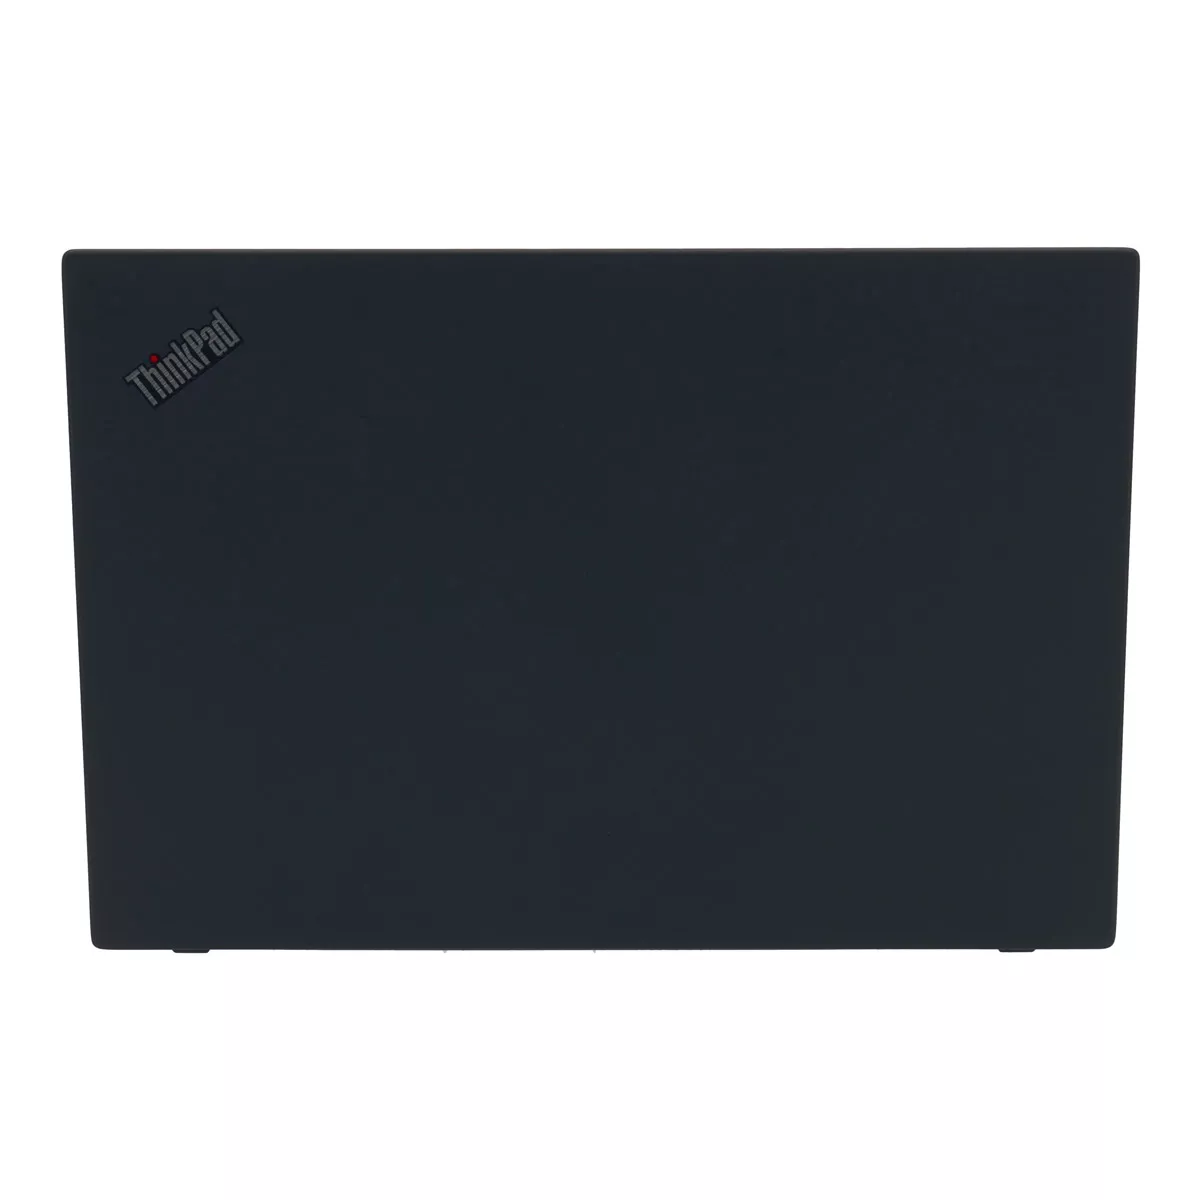 Lenovo ThinkPad T490 Core i5 8365U 8 GB 500 GB M.2 nVME SSD Webcam A
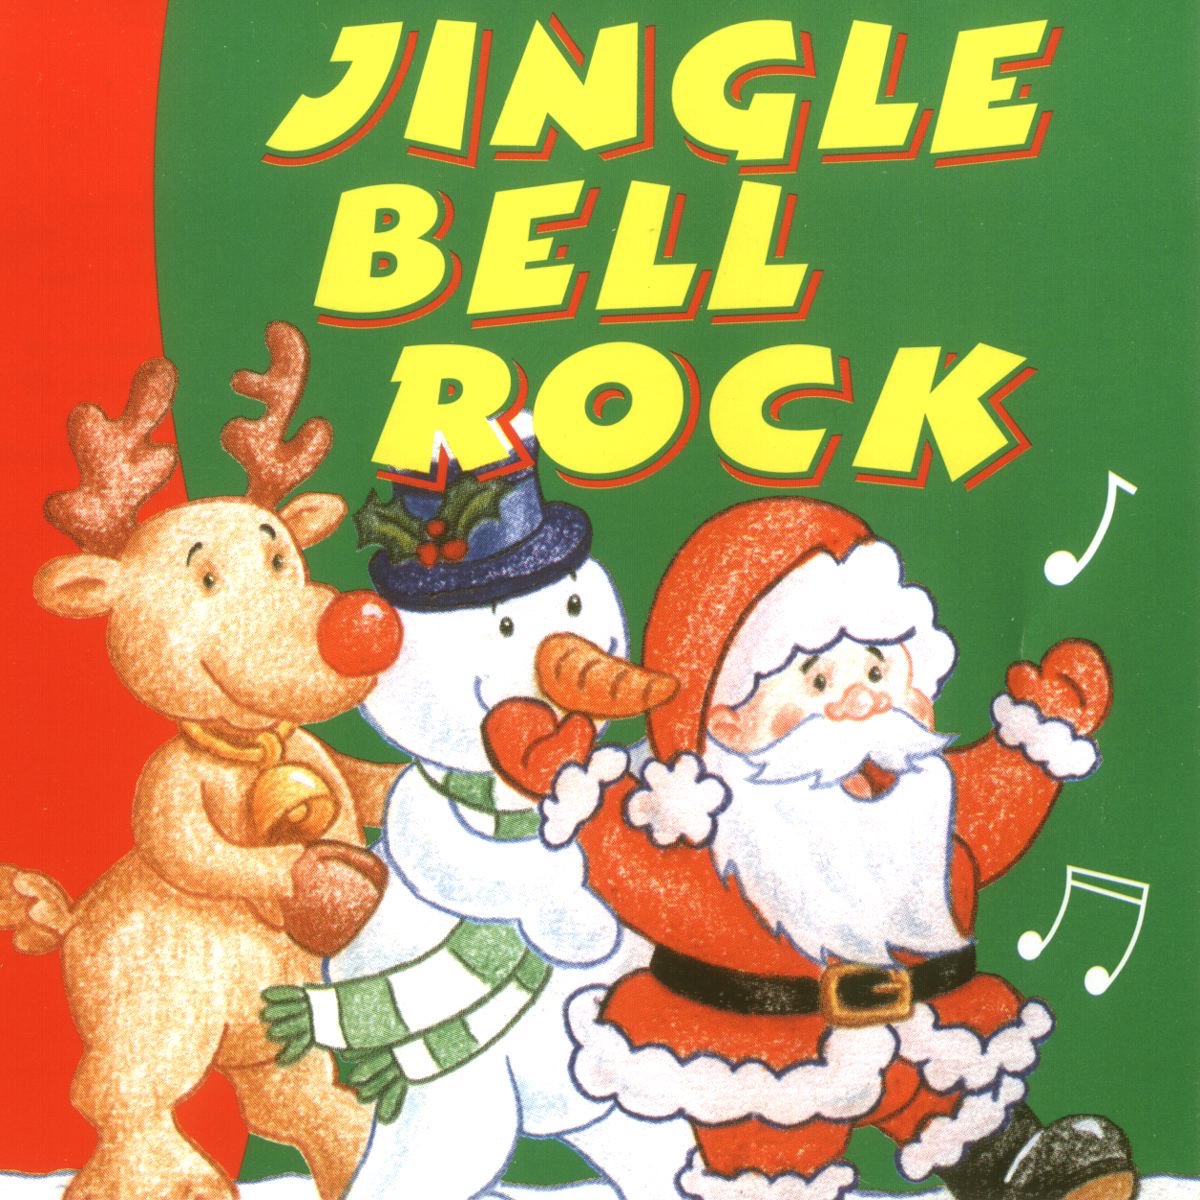 Jingle Bell Rock - Single - Album by La Guardia - Apple Music
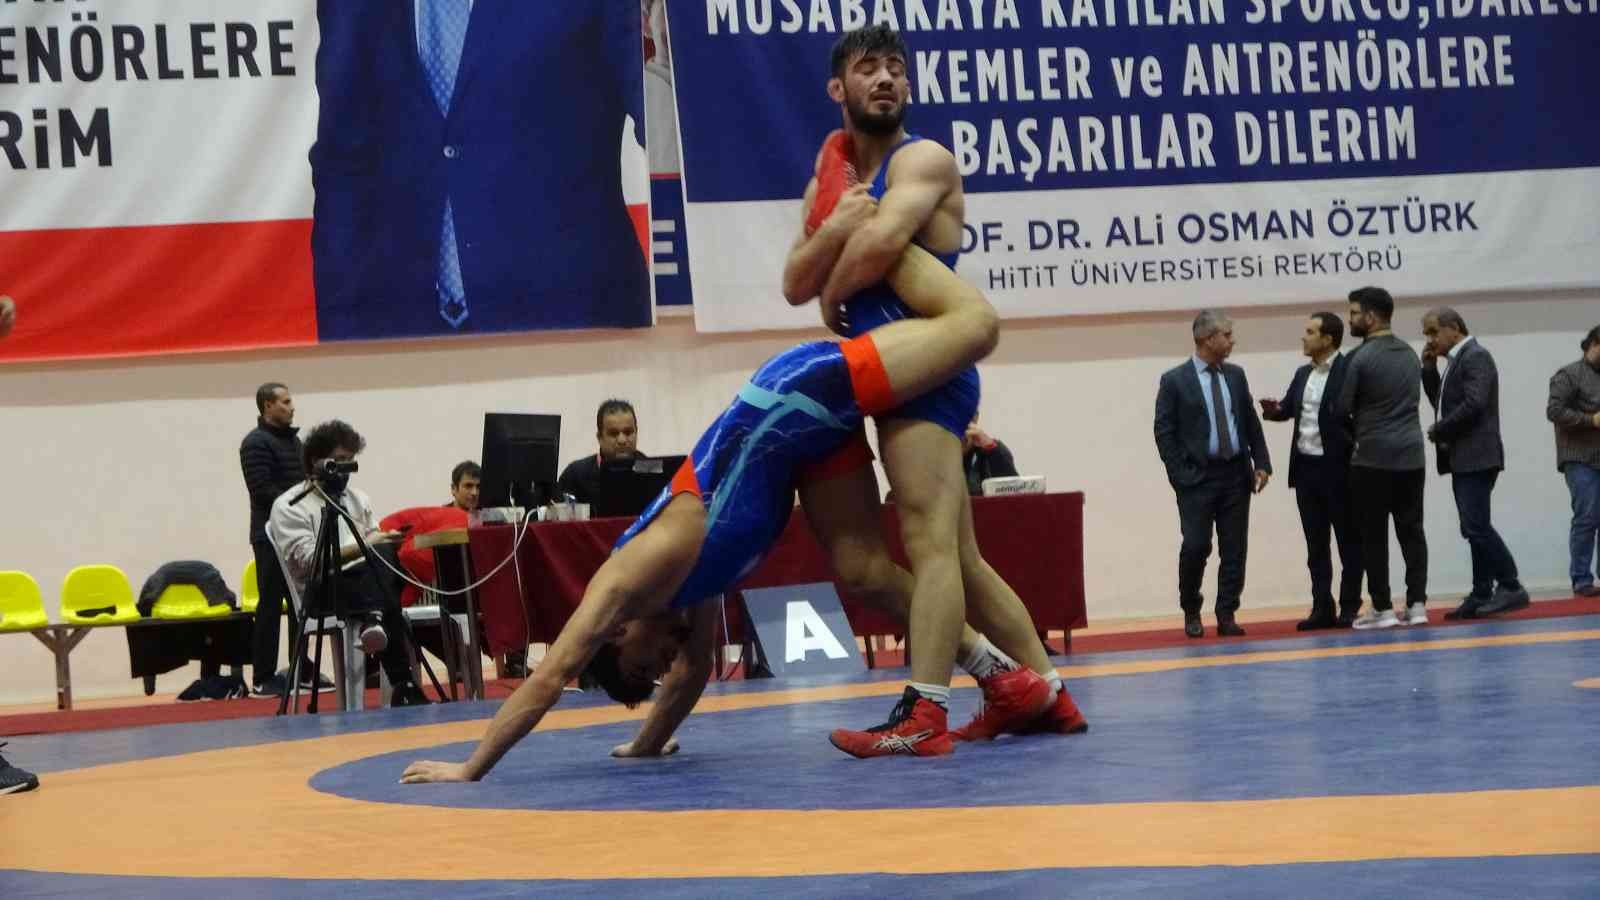 Türkiye U23 Serbest Güreş Şampiyonası başladı #corum
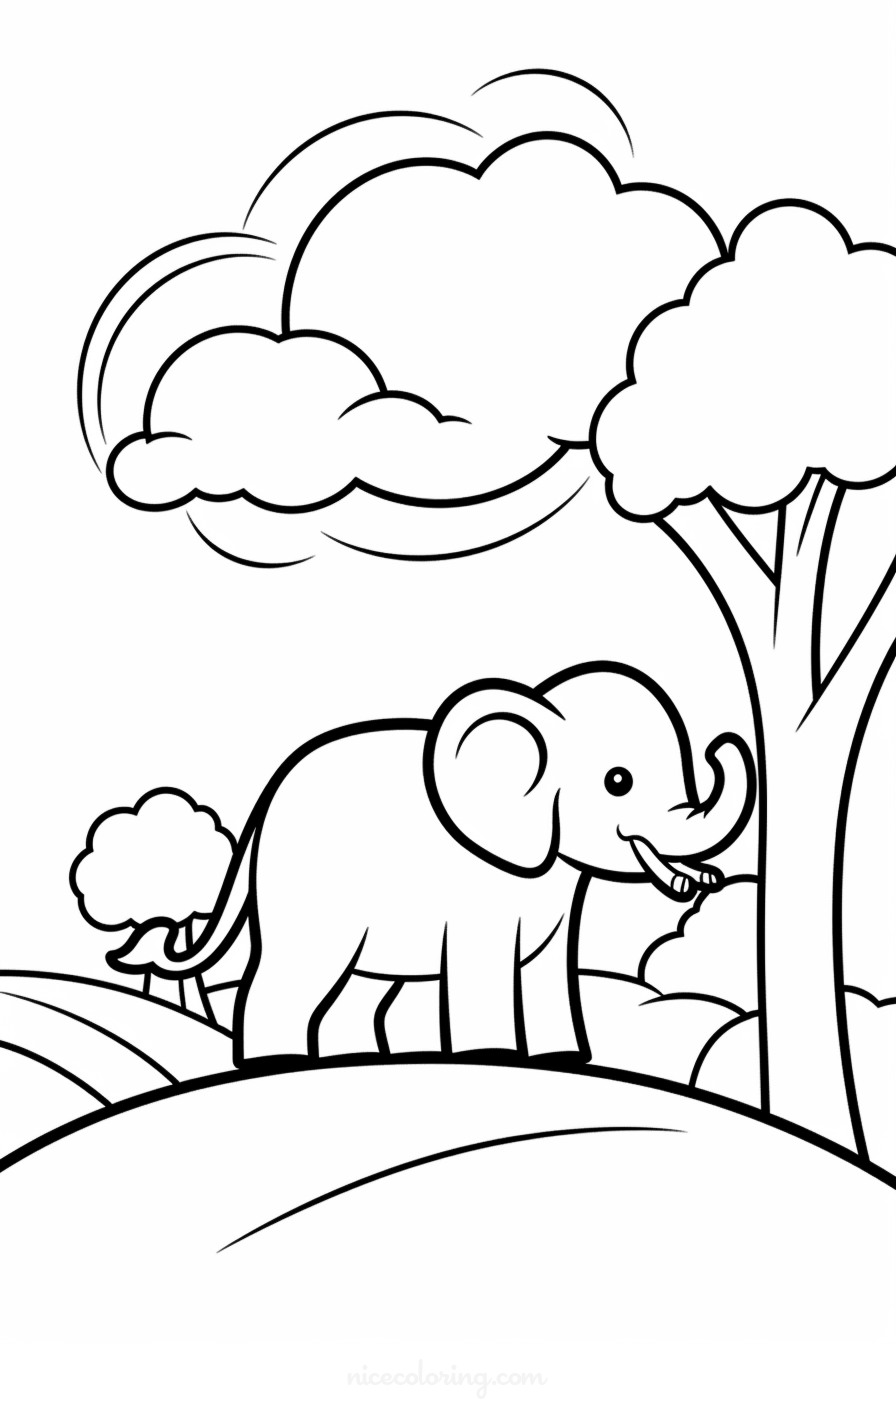 قدرتی منظر میں ہاتھی کا خاندان رنگ بھرنے کا صفحہ
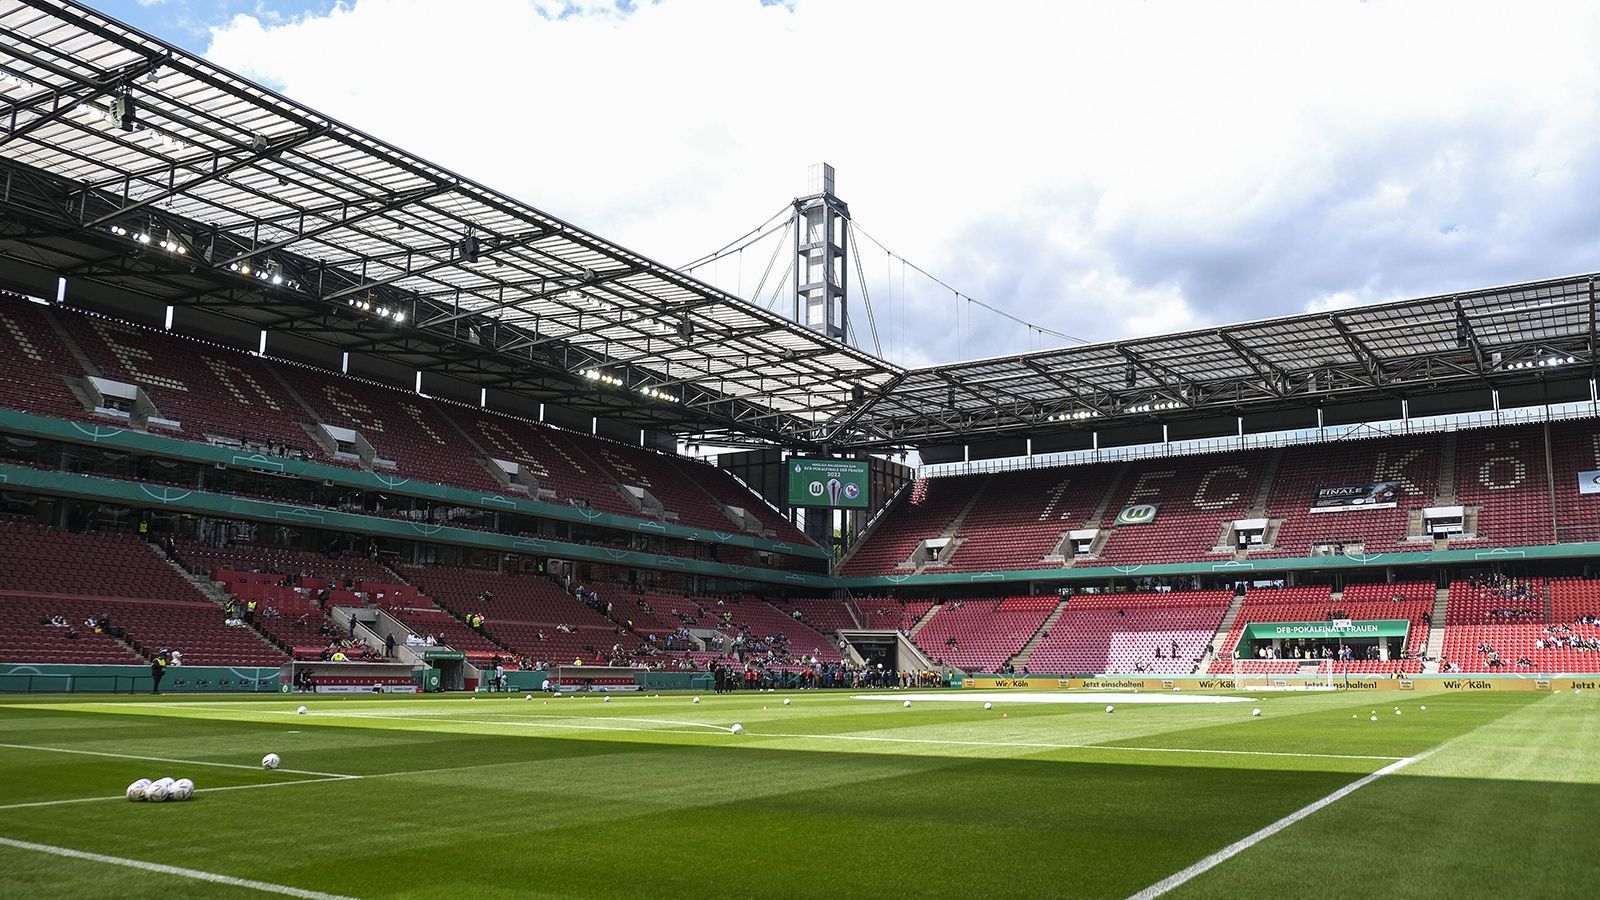 
                <strong>Cologne Stadium</strong><br>
                Das "RheinEnergieSTADION" wird bei der Europameisterschaft 2024 zum "Cologne Stadium". Der Kölner Energieversorger Rheinenergie ist zwar bereits seit 2004 Namensgeber des Stadions, wie viele andere Sponsoren besitzt es allerdings keine Partnerschaft mit der UEFA.

*****

● **What you will do**
Reproduce all of the material exactly, apart from the pictures.

● **Written response**
 Lenovo ThinkPad T490 Core i5 8365U 8 GB 500 GB M.2 nVME SSD Webcam A
 Jingle Bell Rock - Single - Album by La Guardia - Apple Music
 Türkiye U23 Serbest Güreş Şampiyonası başladı #corum
 قدرتی منظر میں ہاتھی کا خاندان رنگ بھرنے کا صفحہ
                <strong>Cologne Stadium</strong><br>
                Das "RheinEnergieSTADION" wird bei der Europameisterschaft 2024 zum "Cologne Stadium". Der Kölner Energieversorger Rheinenergie ist zwar bereits seit 2004 Namensgeber des Stadions, wie viele andere Sponsoren besitzt es allerdings keine Partnerschaft mit der UEFA.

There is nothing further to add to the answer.